Listen to the audio version here:

TRANSCRIPT:

The One-Size-Fits-All Problem in Medicine

Imagine a world where there is only one size of shoe. It would be perfect for some of us. Others would get by, but some would experience great discomfort. Now, what if we lived in a world where medicine was designed as if one size fits all?

Where the average effects of treatments and risk factors at a population level were meant to reflect the effects in each and every one of you. That’s exactly the world within which we live. From a young age, I’ve had a passion for running.

Personal Journey into Health and Performance

I found ultramarathons and triathlons in my teens, and by the age of 21, I’d finished my first Ironman triathlon. I still love to run. In the middle of the pandemic, I took a few days off and I ran from Chamonix to Nice, a distance of 350 kilometers and 15,000 meters elevation.

This interest in human performance nurtures a deep curiosity in energy metabolism.
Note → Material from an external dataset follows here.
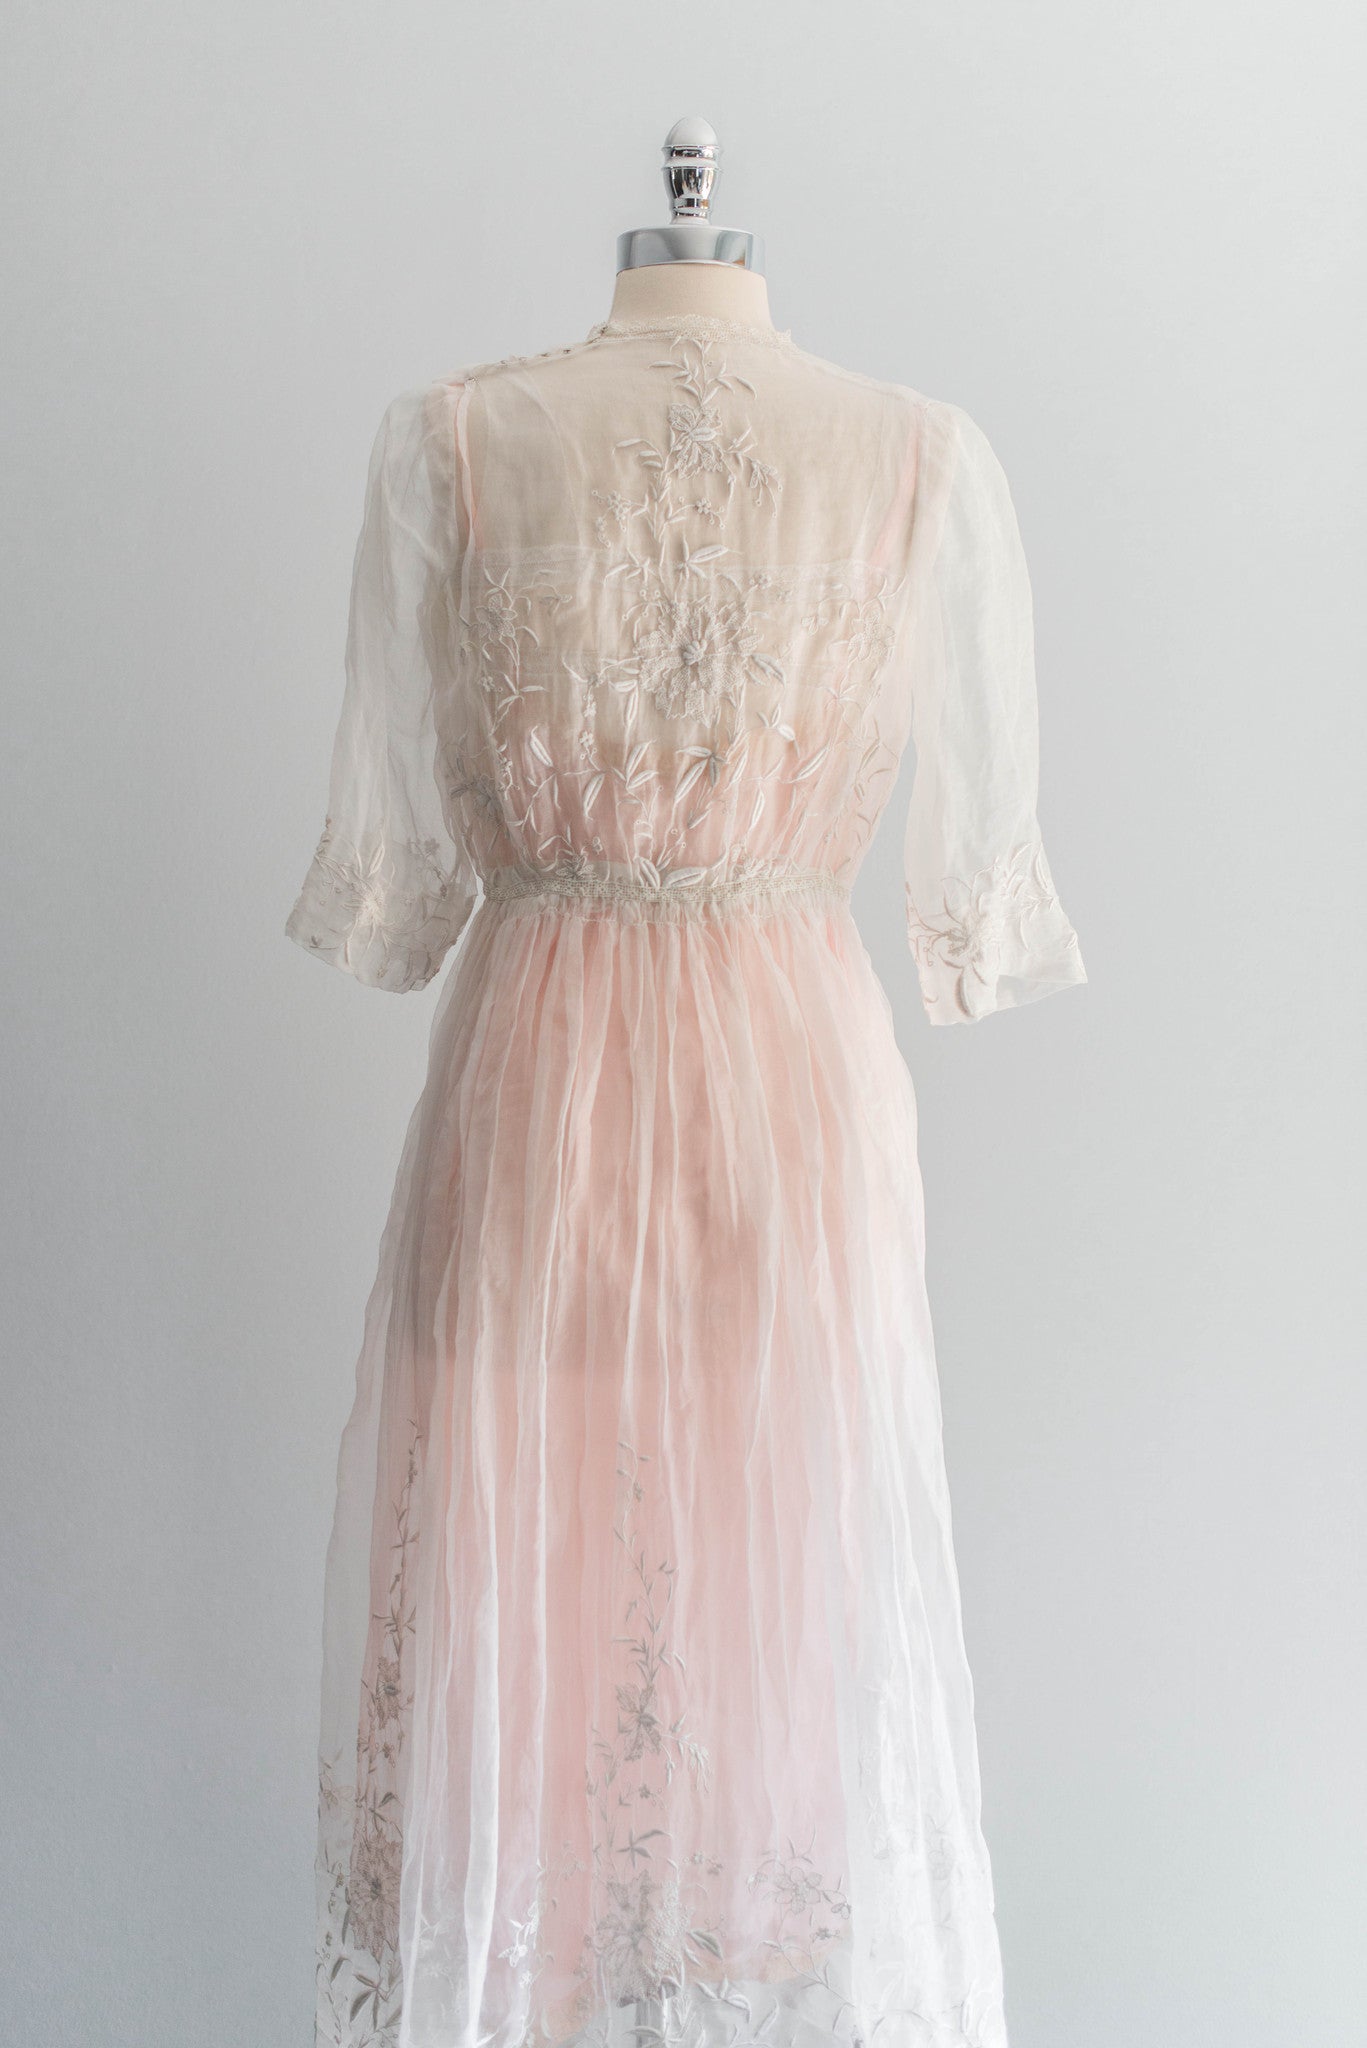 [SOLD] Silk Organza Embroidered Tea Dress | G O S S A M E R

I once wore a continuous glucose monitor during an Ironman. Over the course of 10 hours, I consumed energy gels and drinks with the same amount of sugar as 30 liters of cola.

And yet my blood sugar levels remained stable throughout because a healthy body has the machinery necessary to transfer sugar into the energy that the cells and the organs in our bodies can use. It’s a remarkably proficient machine when it works. My journey into understanding energy metabolism led me to study exercise physiology at university.

From Exercise Physiology to Diabetes Research

Here I took what I learned to optimize my own performance through tailored diet and training regimes.